Another example of Israelite worship modes arising from Egyptian influence lies in the structure of the Israelite tabernacle and then temple. Egyptian temples were built along an axis of larger open spaces moving into smaller closed spaces, usually four to five all the way to the innermost space called the Holy of Holies where the barque of the god was kept. Increasing holiness and sacred separation accompanied each space as it grew closer to the abode of the god. Because Egypt’s main god during the time of the Israelite enslavement was Amun whose name means the “hidden one,” the Egyptian temples shrouded their gods in secrecy and mystical isolation. Similarly, first the Israelite tabernacle and then the temple were built along an axis of larger and more open, less-holy spaces moving toward closed, smaller and holier spaces. The Jewish spaces numbered three with the holiest also called the “Holy of Holies” just like its Egyptian counterpart. Like the Egyptian system, the Israelite holy places increasingly excluded people based on their intimate connection to God, so that the Jewish congregation could enter the outer space, only the priests the middle space, but only the High Priest the Holy of Holies—and then, only one day of the entire year. How did the Israelites adopt so similar an architectural religious imagery if they had never been in Egypt?

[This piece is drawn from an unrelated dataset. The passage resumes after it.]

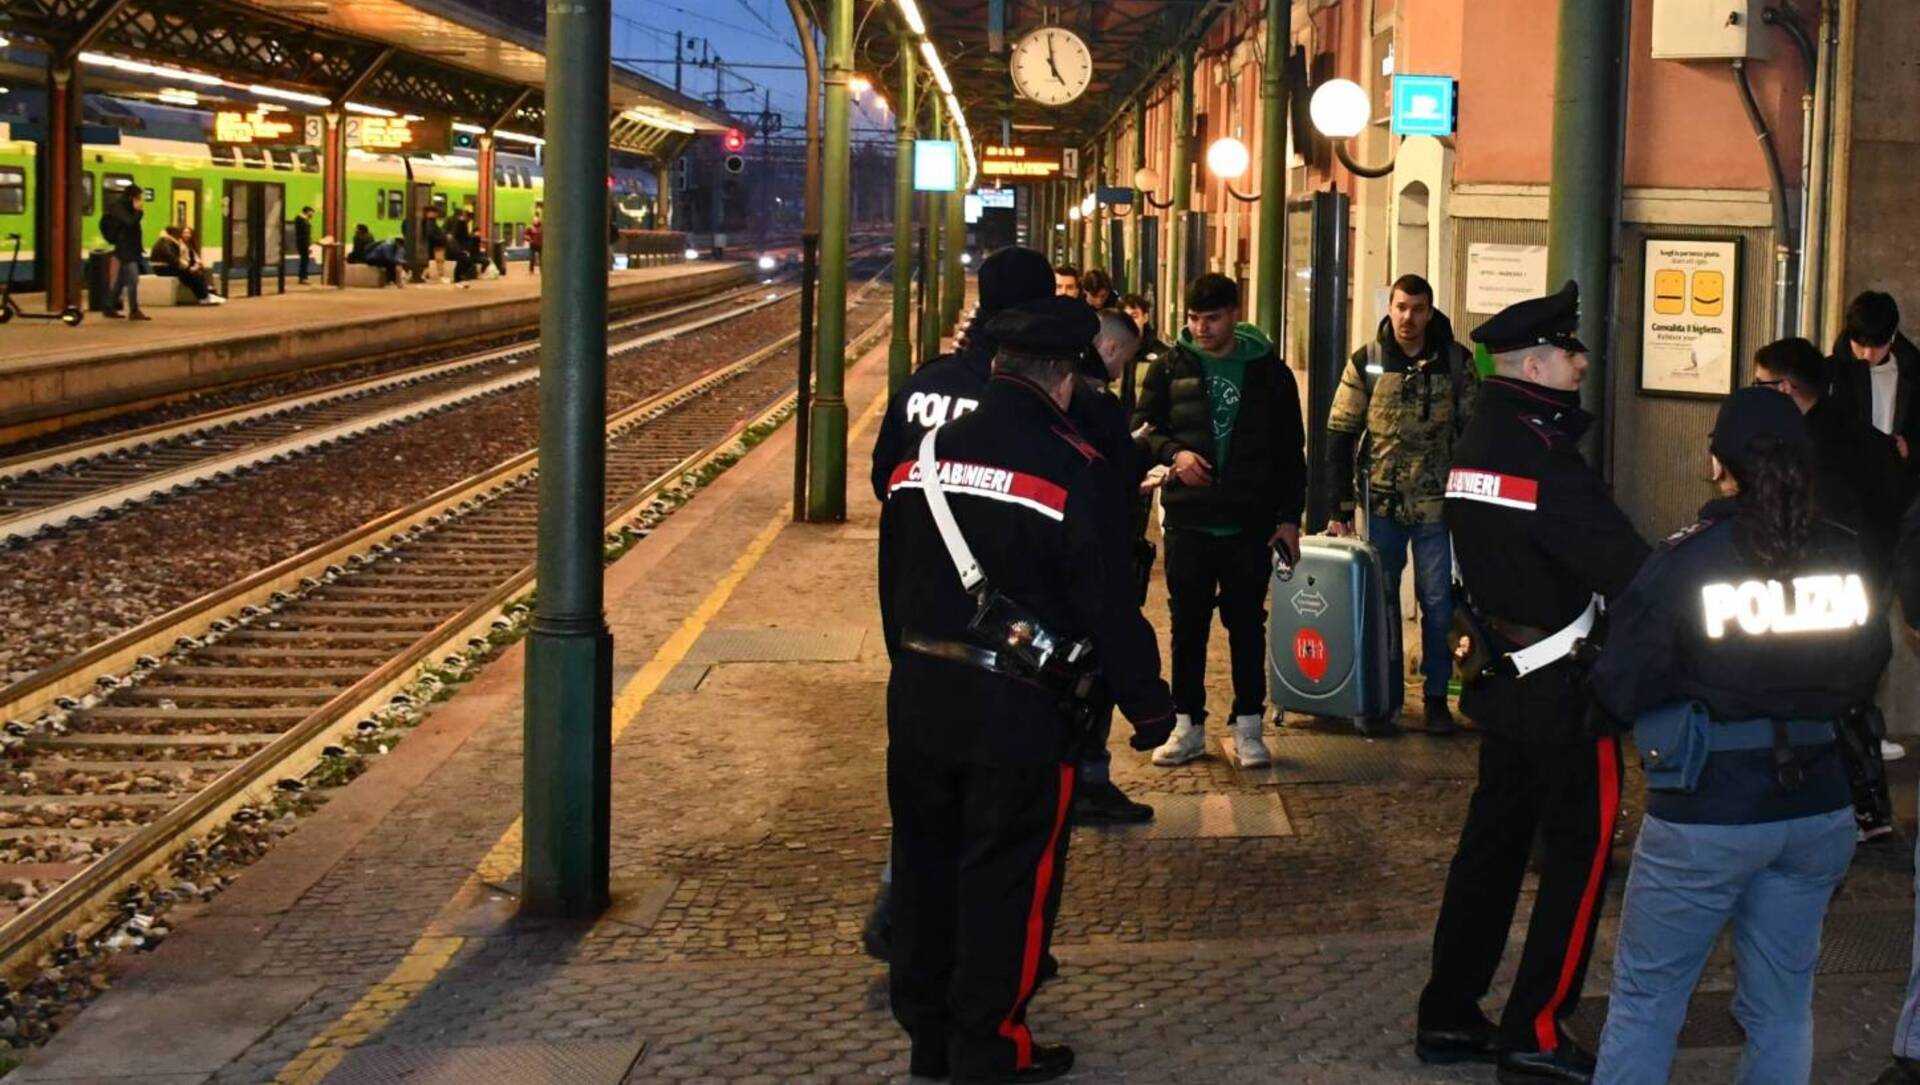 Ieri a Saronno: rapina in stazione, furto sventato a Turate. Raccolta firme per la sicurezza

The second positive reason to think that the Israelites escaped Egyptian enslavement is that Israel’s entire tradition and history is centered on her deliverance from Egypt. From the chronicles of Israelite history, through to her songs and poetry, and all through the myriad of prophetic oracles who emerge to call the people back to God, you find constant references to the mighty deliverance that God effected back in the days of their Egyptian captivity. Origin myths with historical locations usually find their beginning points in genuine events, just as modern scholars were chagrined to admit when the city of Troy was discovered just as the Greek myths indicate. Ancient history was embedded in the ancient people’s cultures far more than their written records, because the vast majority of people could not read. So, each generation passed down all that had befallen their people in songs, poetry, dances, art, festivals, and rituals. The primary Israelite festival was the Passover Feast, an event commemorating the frenetic escape from Egypt, all the way down to having the participants at the table dressed in traveling clothes and holding walking sticks! This kind of ritualistic festival is classic evidence of how history was transmitted down through cultural traditions of ancient peoples, meaning, that the Israelite account of their slavery and escape from Egypt is credible.


Since Israel had been in Egypt and did escape, we have to wonder how an unarmed, non-military, Israelite slave population could have escaped from ancient Egypt during the powerful New Kingdom late 18th or early 19th dynasties. We have no records of Egyptians ever releasing slaves en masse. It seems obvious that the Egyptians would not have released all these essential workers unless something compelled them, so what was it?